### WHAT IS REQUIRED
Start at the line that contains "Seicane Carplay 9" in the listing below and extract every line through the last, exactly; leave pictures out.

### DATASET CONTENT
▶

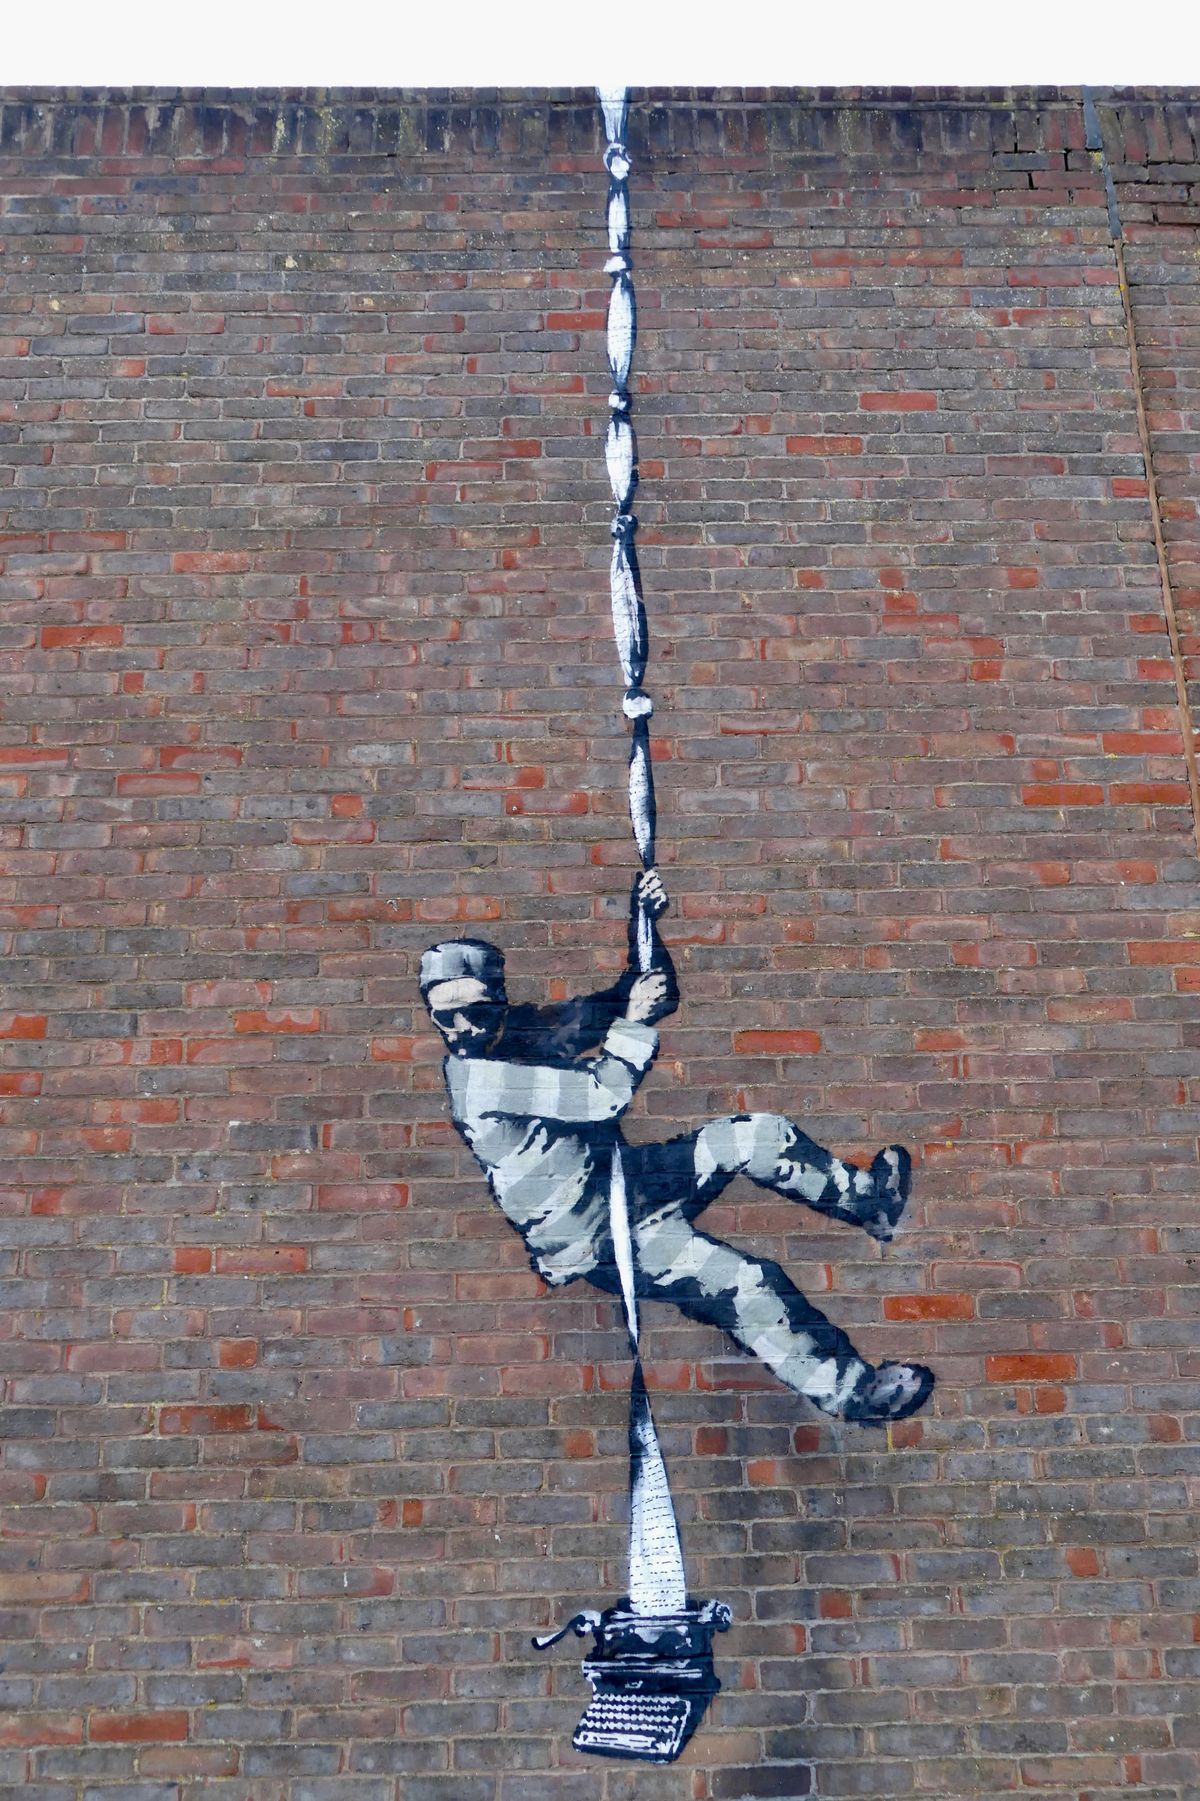 Une nouvelle fresque de Banksy vient d'apparaître sur un mur de prison
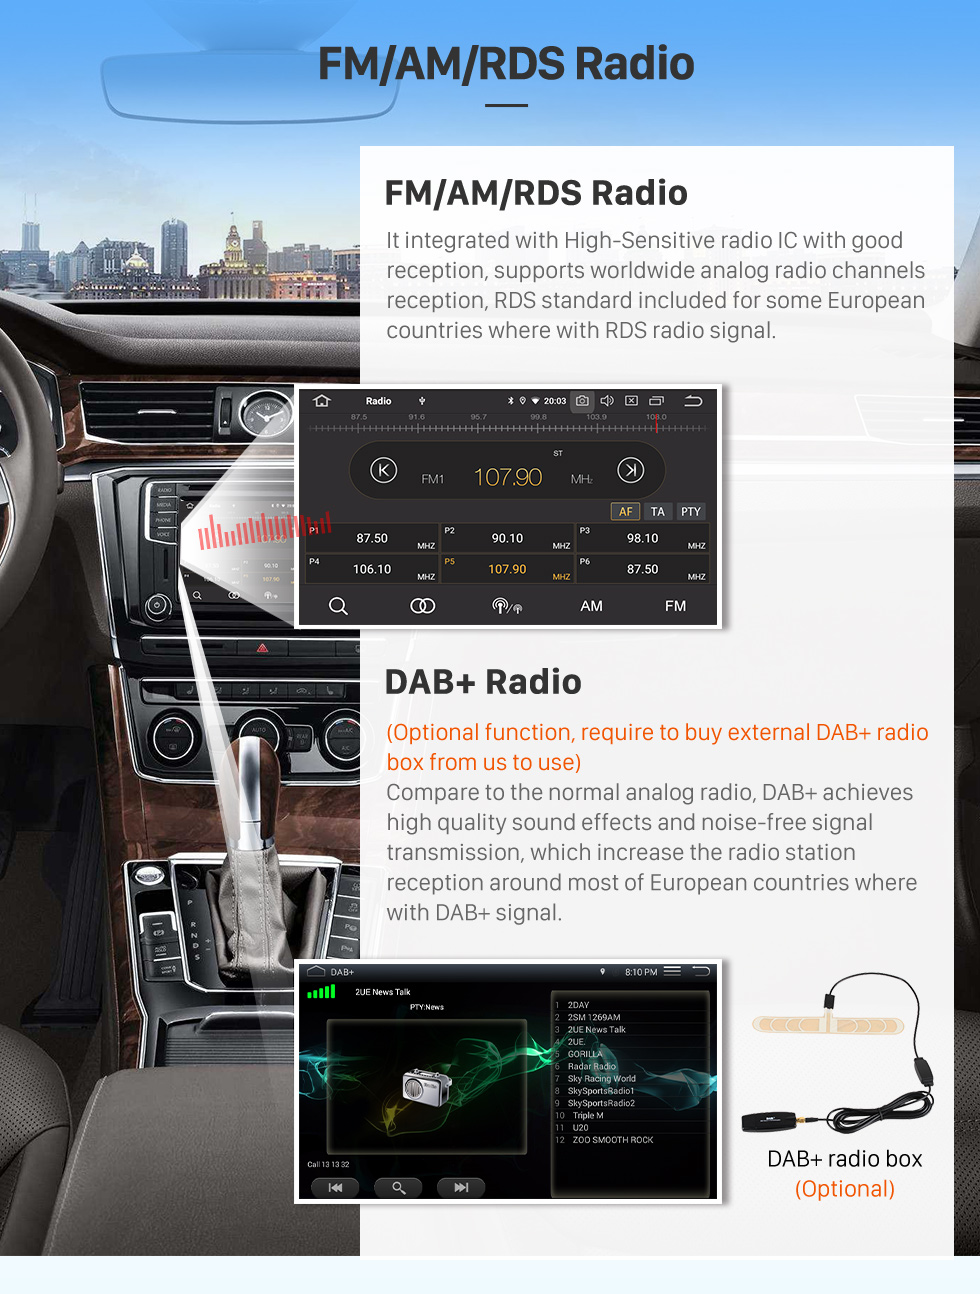 Seicane Carplay 9 pulgadas HD Pantalla táctil Android 12.0 para 2020 DODGE RAM Navegación GPS Android Auto Unidad principal Soporte DAB + OBDII WiFi Control del volante
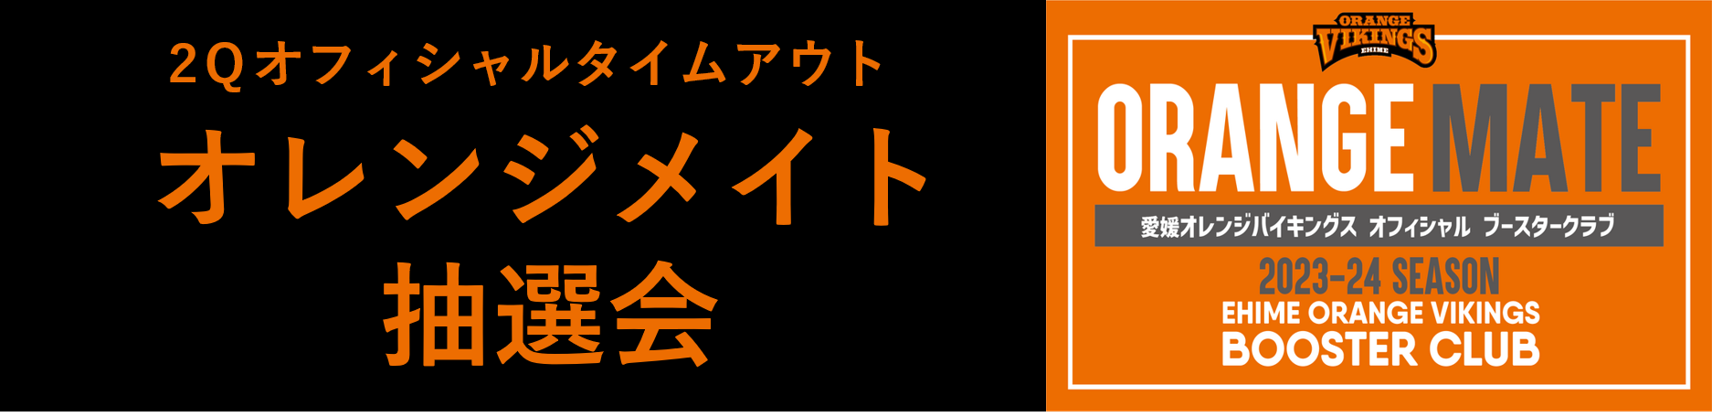 試合情報】2/16(金)、2/17(土) vs 岩手ビッグブルズ | 愛媛オレンジ

◀

### RESULT OF THIS EXERCISE
 Seicane Carplay 9 pulgadas HD Pantalla táctil Android 12.0 para 2020 DODGE RAM Navegación GPS Android Auto Unidad principal Soporte DAB + OBDII WiFi Control del volante
 試合情報】2/16(金)、2/17(土) vs 岩手ビッグブルズ | 愛媛オレンジ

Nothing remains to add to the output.